● **DIRECTIONS**: Repeat the listing below verbatim, without its images.

● **INFORMATION PROVIDED**:
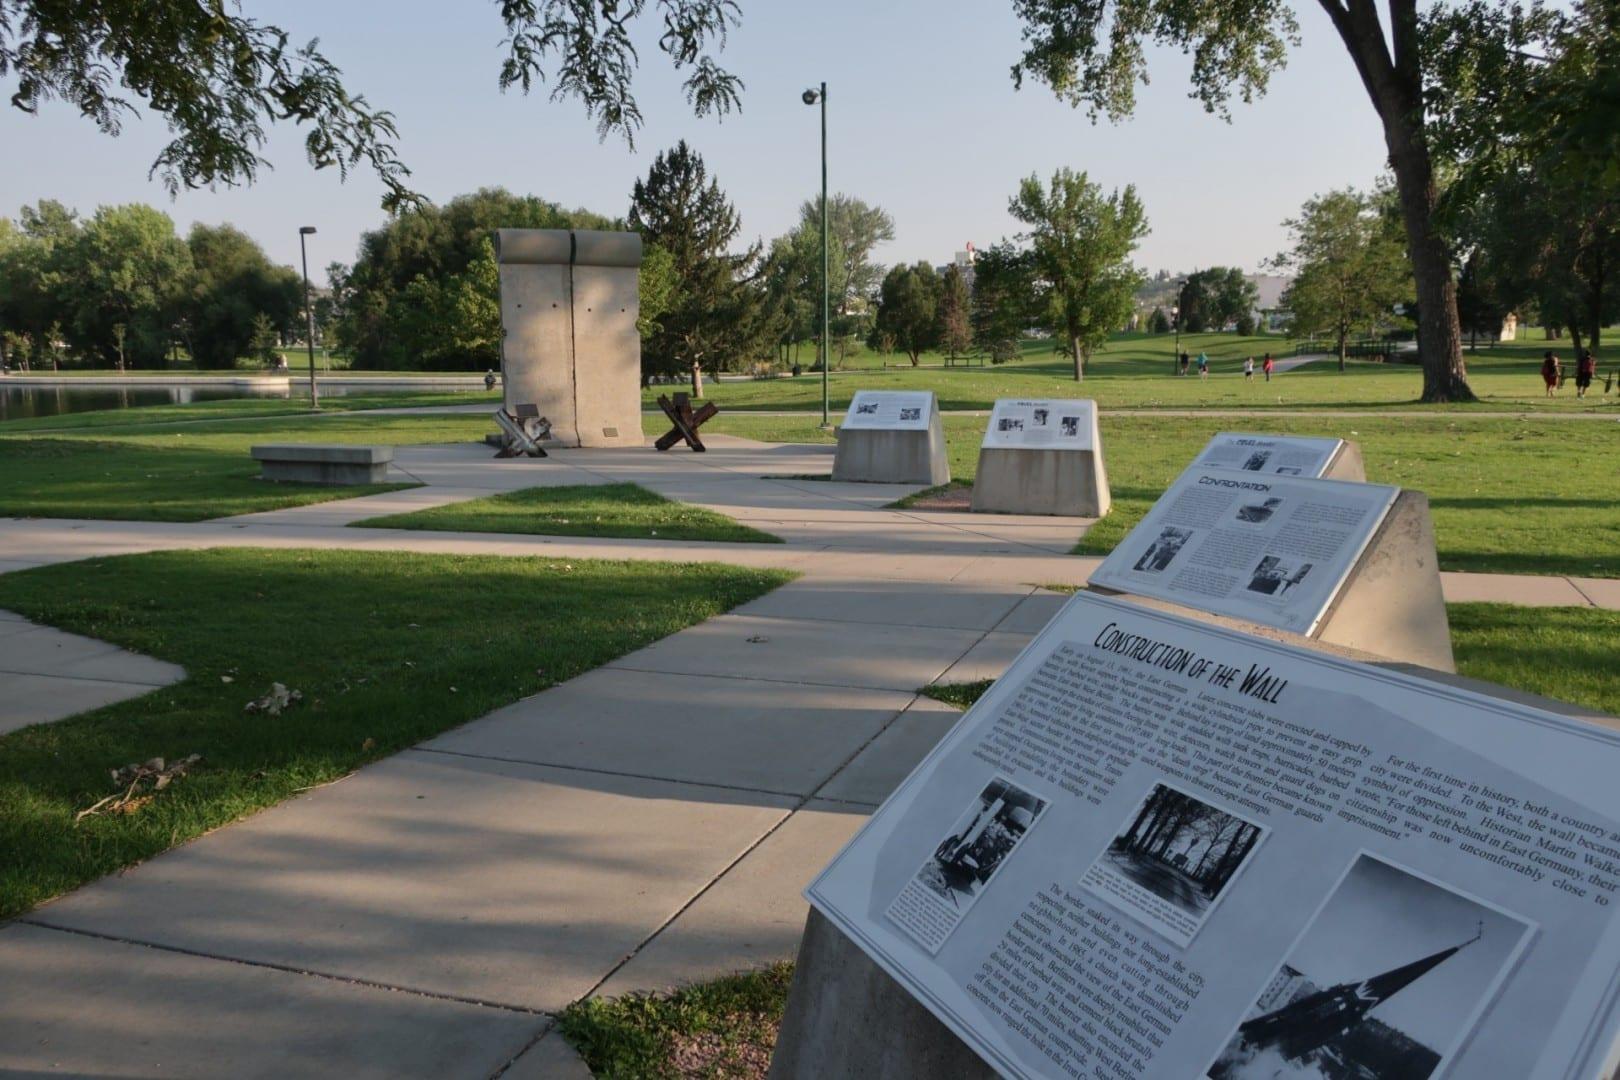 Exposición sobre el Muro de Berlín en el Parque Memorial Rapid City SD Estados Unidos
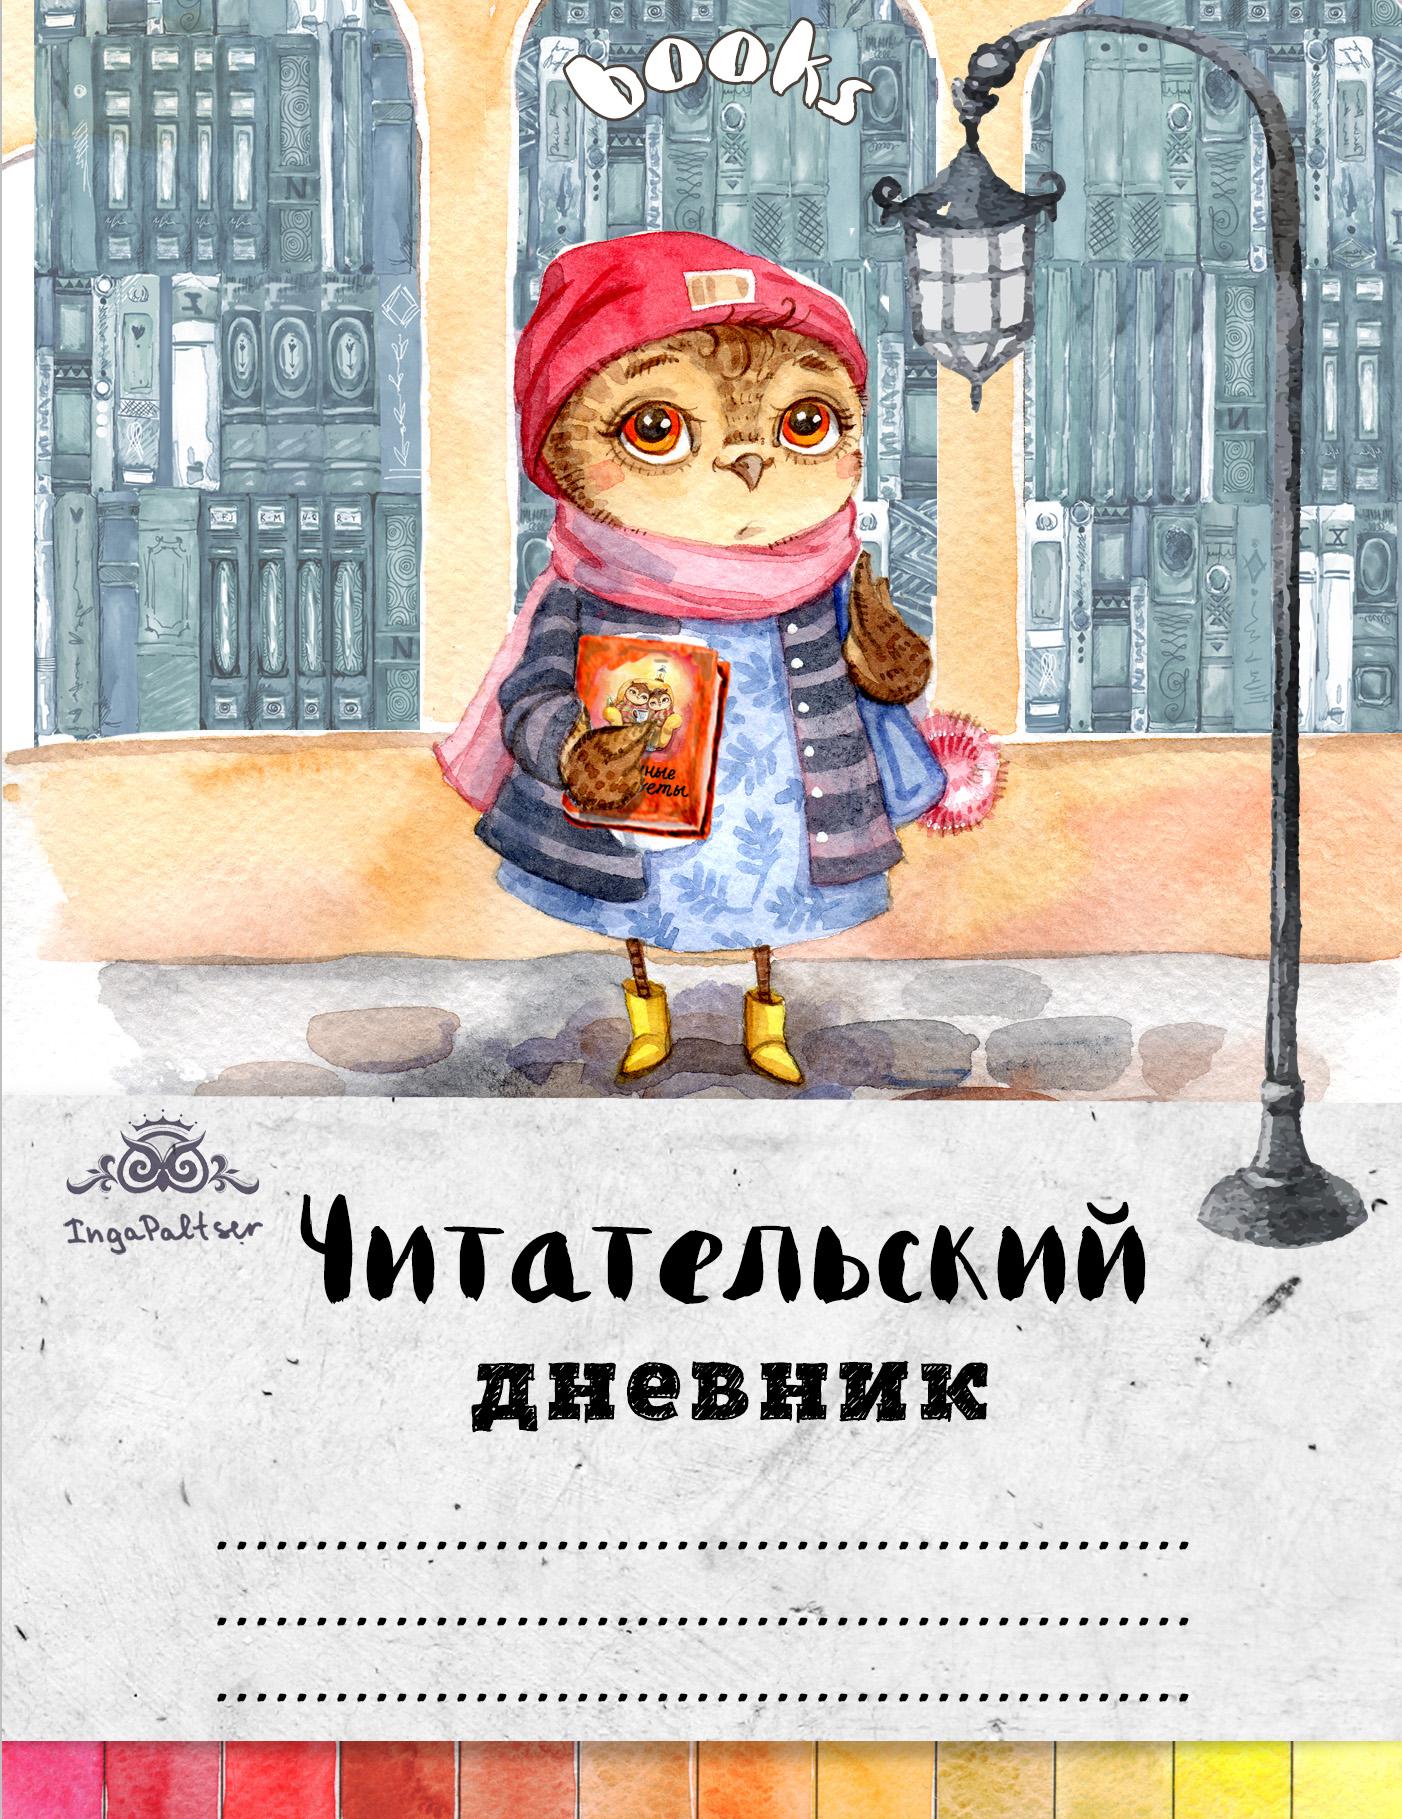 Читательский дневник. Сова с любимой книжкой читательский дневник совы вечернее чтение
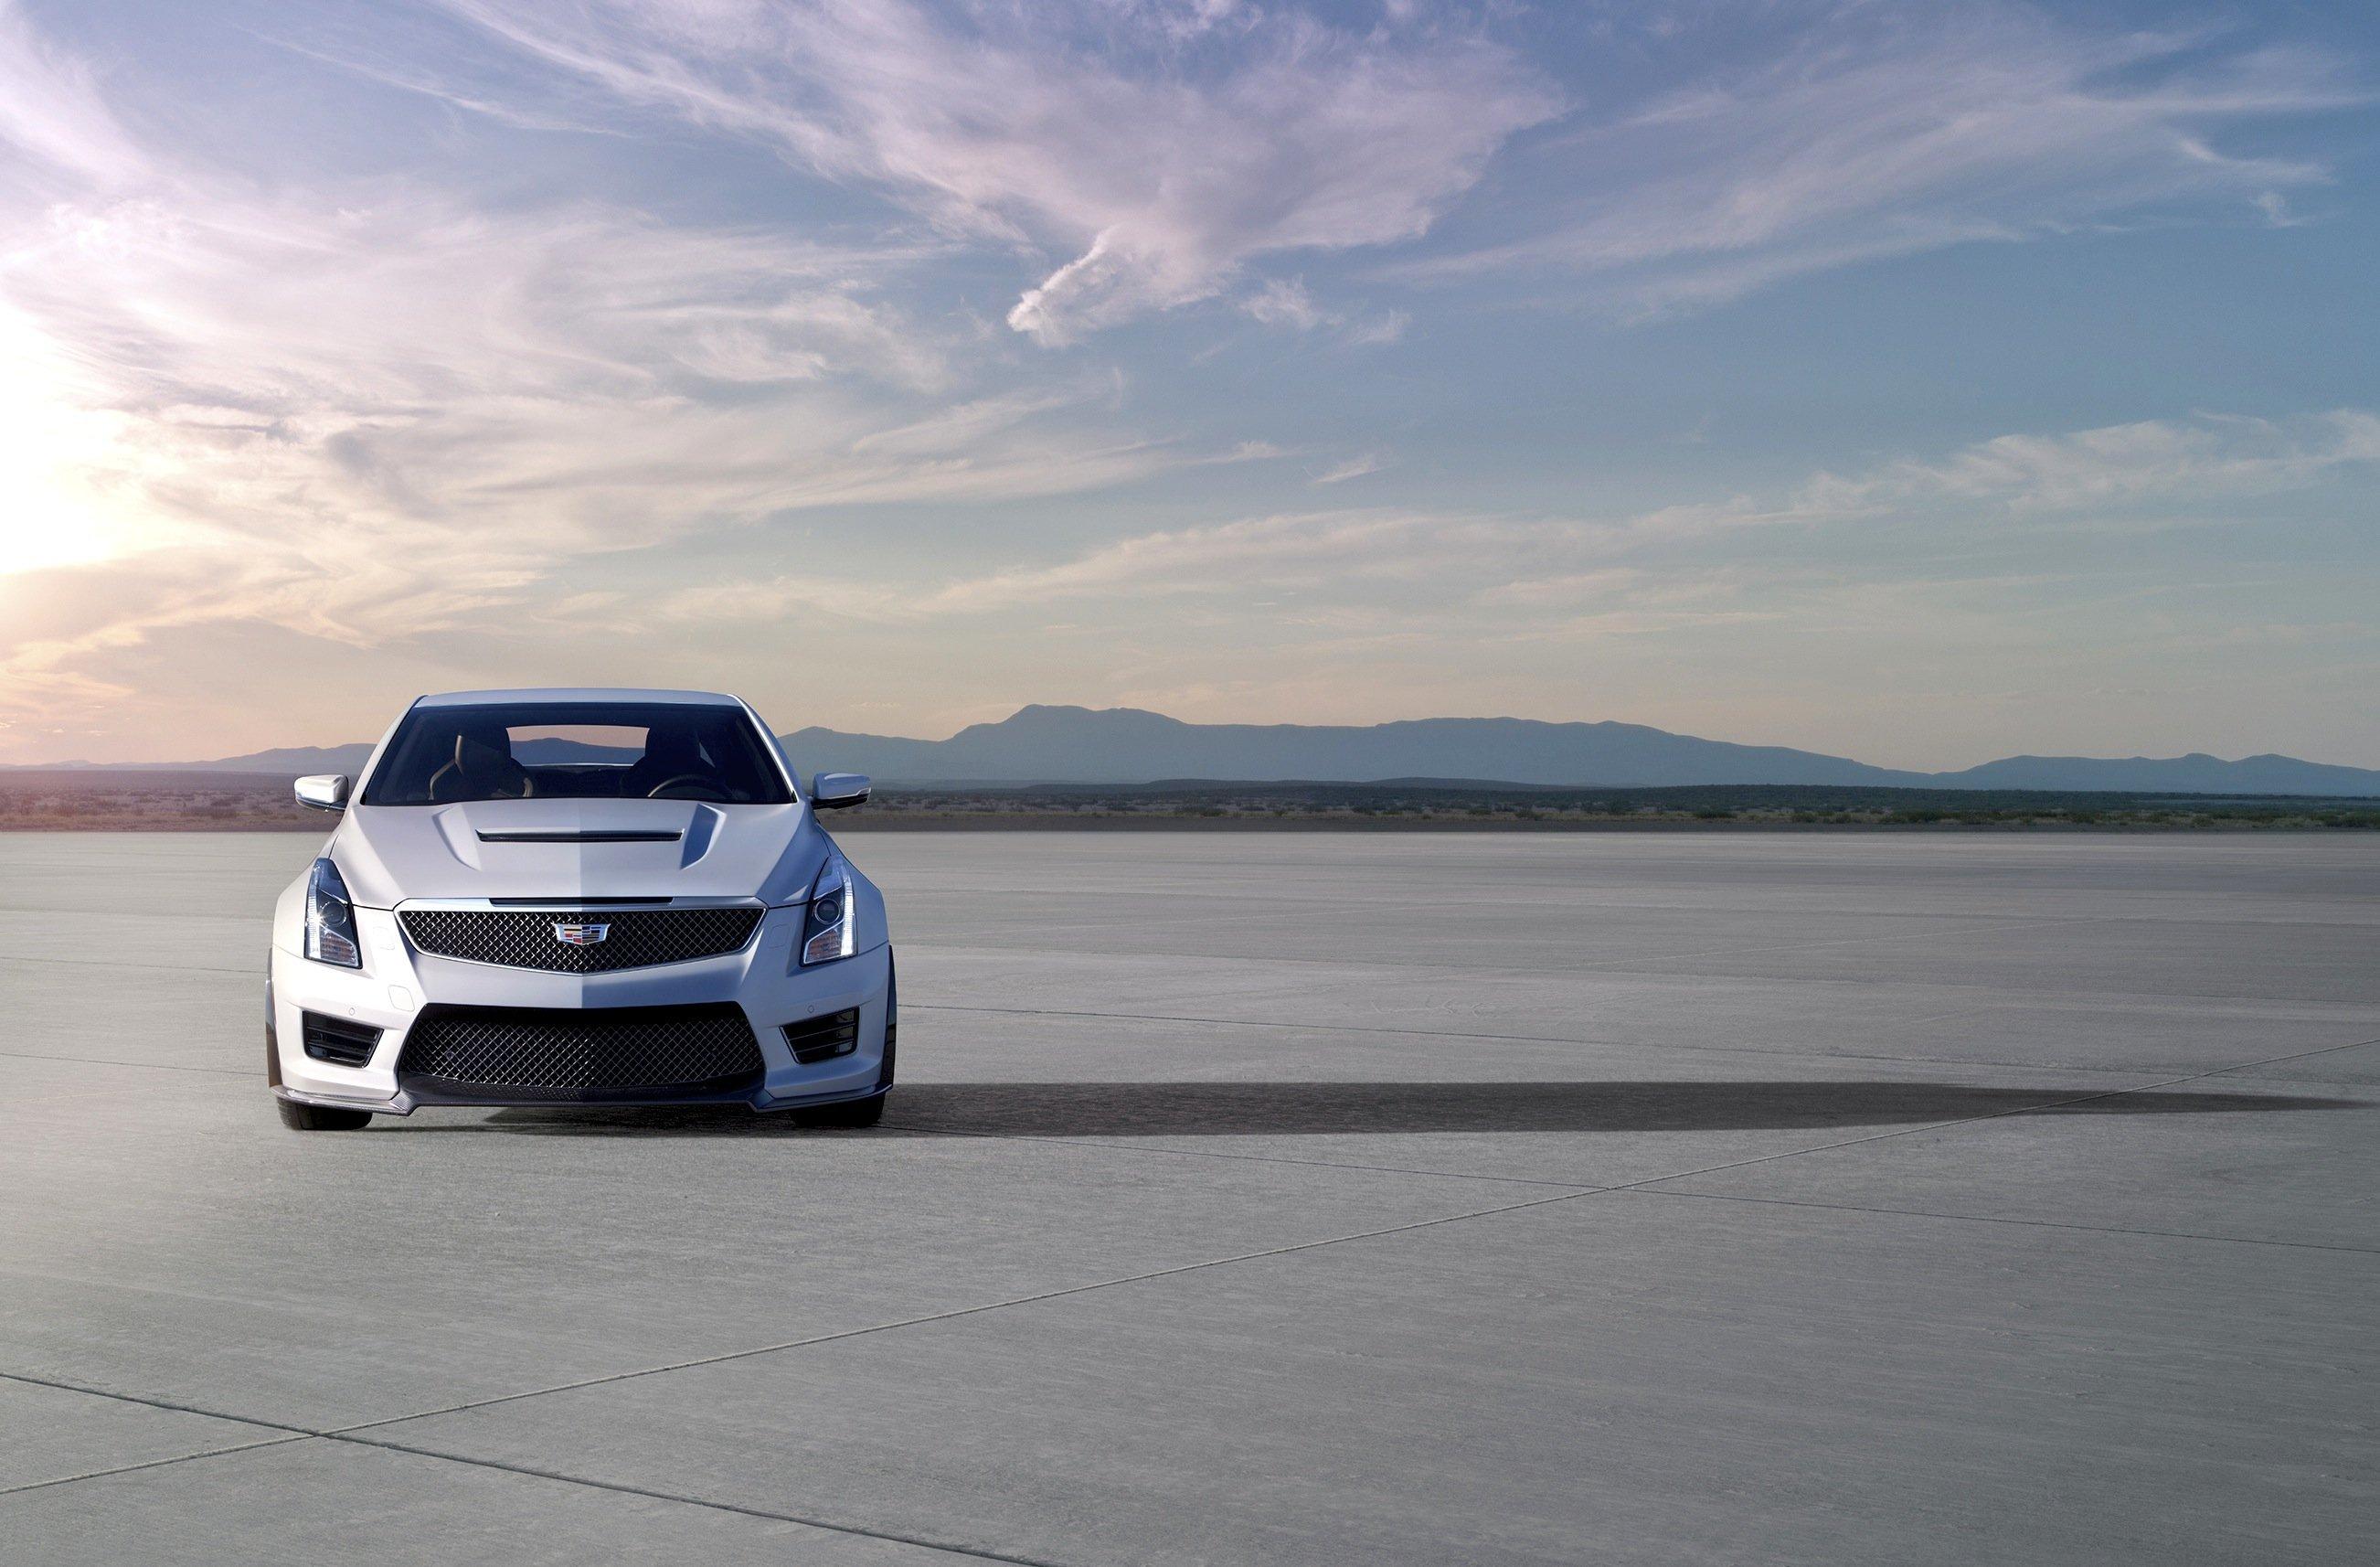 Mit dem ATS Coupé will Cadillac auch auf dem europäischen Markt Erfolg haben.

● **SOLUTION FOR THIS EXERCISE**:
 Exposición sobre el Muro de Berlín en el Parque Memorial Rapid City SD Estados Unidos
 Читательский дневник. Сова с любимой книжкой читательский дневник совы вечернее чтение
 Mit dem ATS Coupé will Cadillac auch auf dem europäischen Markt Erfolg haben.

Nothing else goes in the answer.